→ DATA
------------------------------------------------
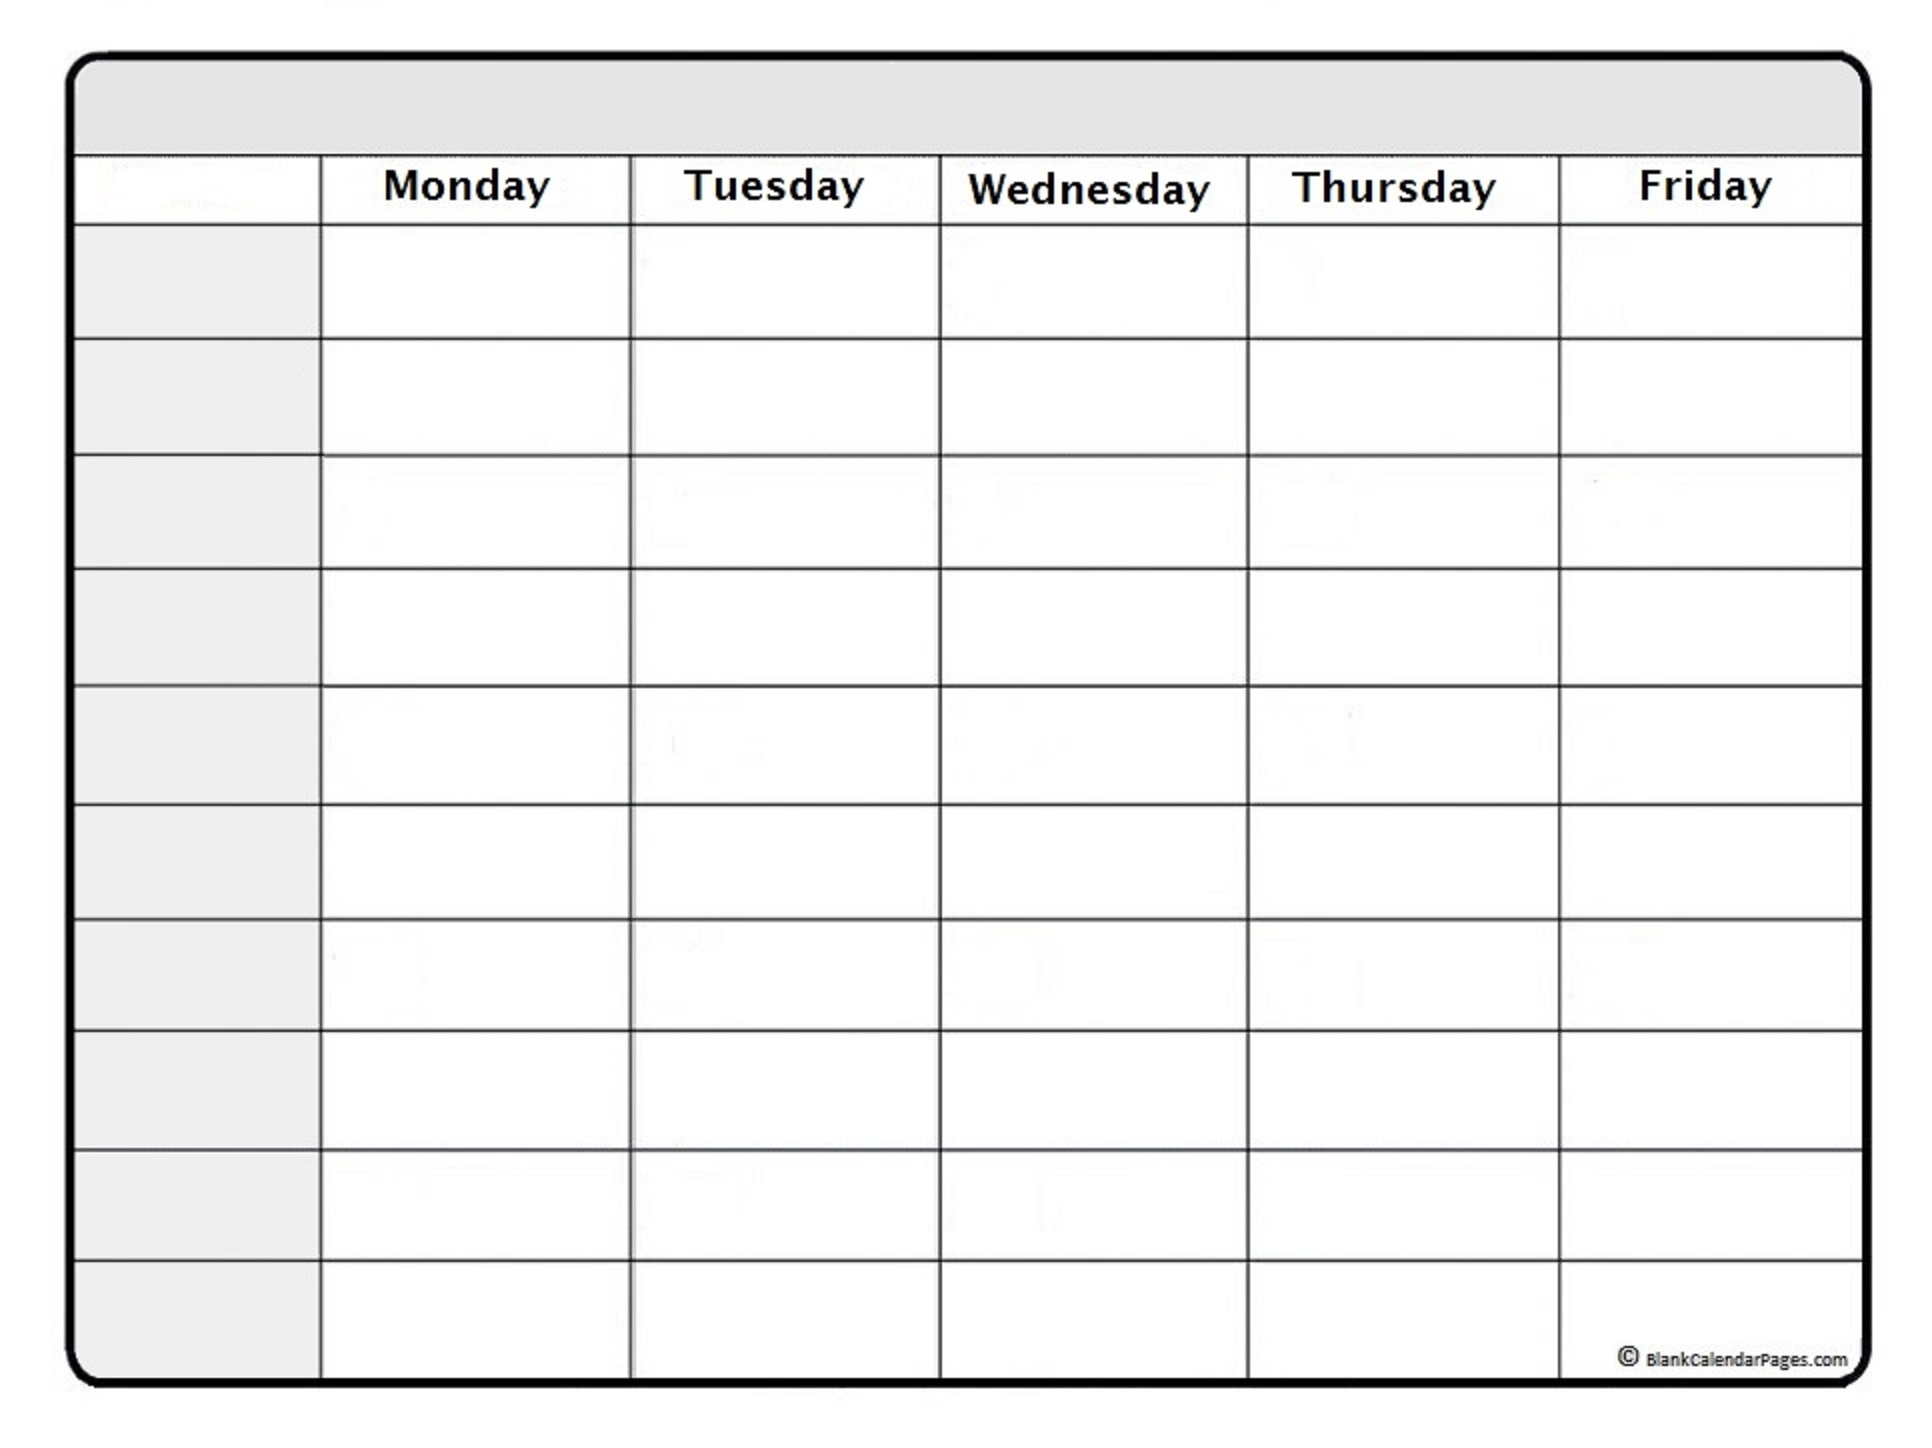 May 2020 Weekly Calendar | May 2020 Weekly Calendar Template
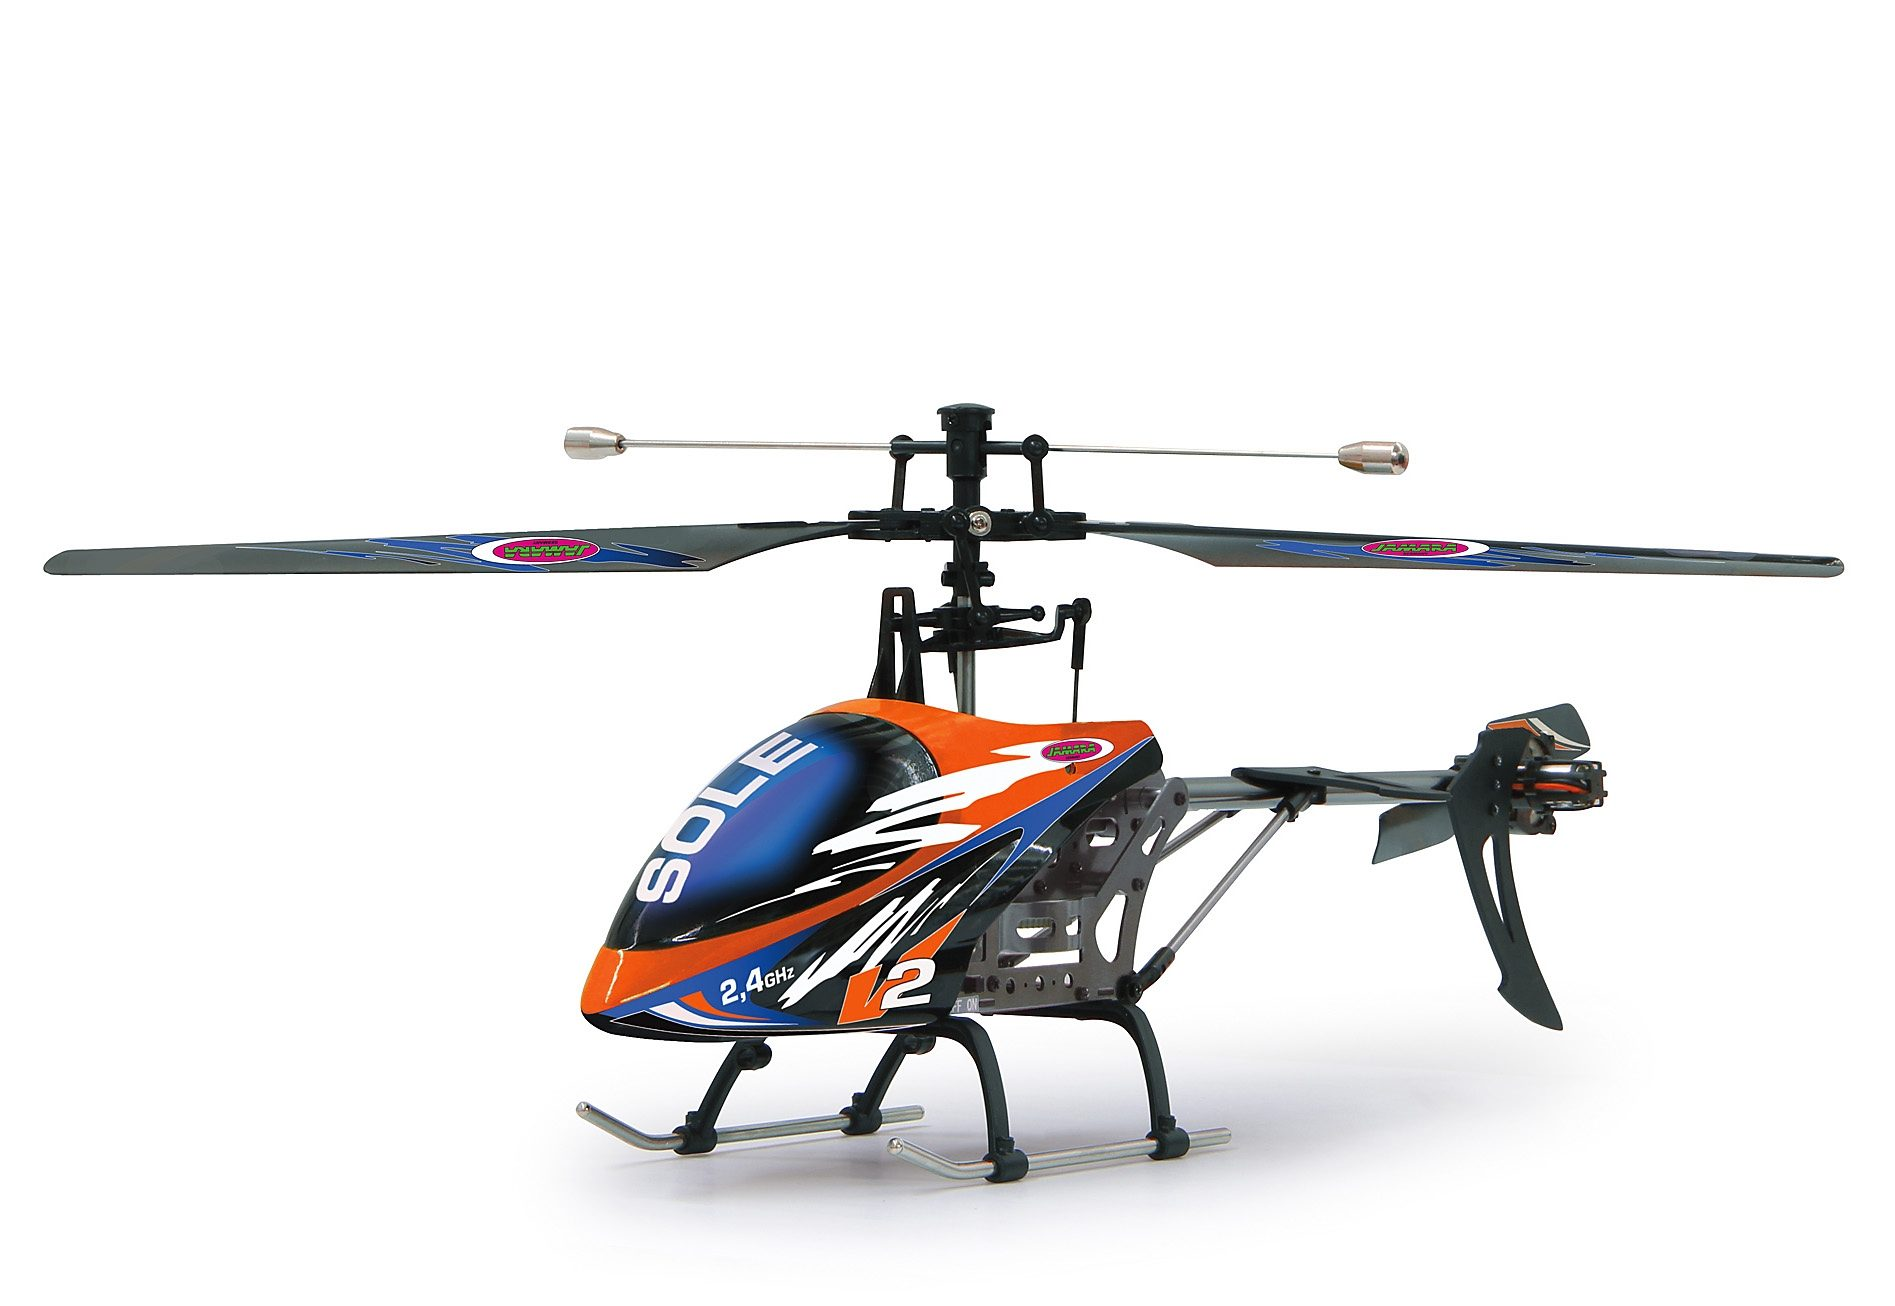 JAMARA RC Helikopter, »SOLE V2 Pro 2,4 GHz«
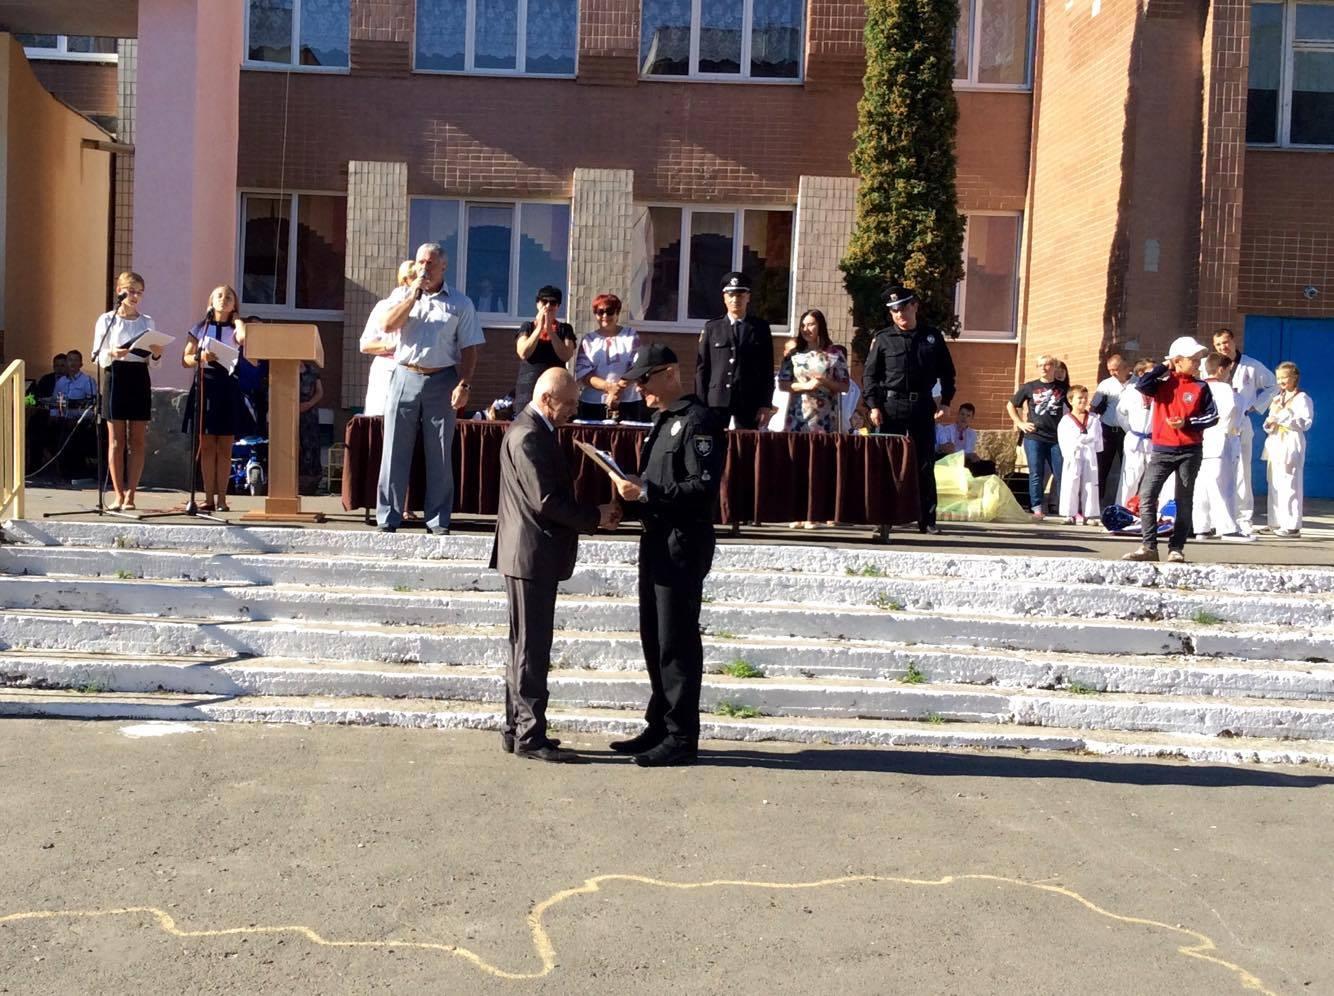 Хмельницький НВК№10 на Першовересень заполонили поліцейські - фото 7
------------------------------------------------
→ WORK TASK
Every line of the material above should be repeated exactly, except for the pictures.

→ SOLUTION FOR THIS EXERCISE
 May 2020 Weekly Calendar | May 2020 Weekly Calendar Template
 JAMARA RC Helikopter, »SOLE V2 Pro 2,4 GHz«
 Хмельницький НВК№10 на Першовересень заполонили поліцейські - фото 7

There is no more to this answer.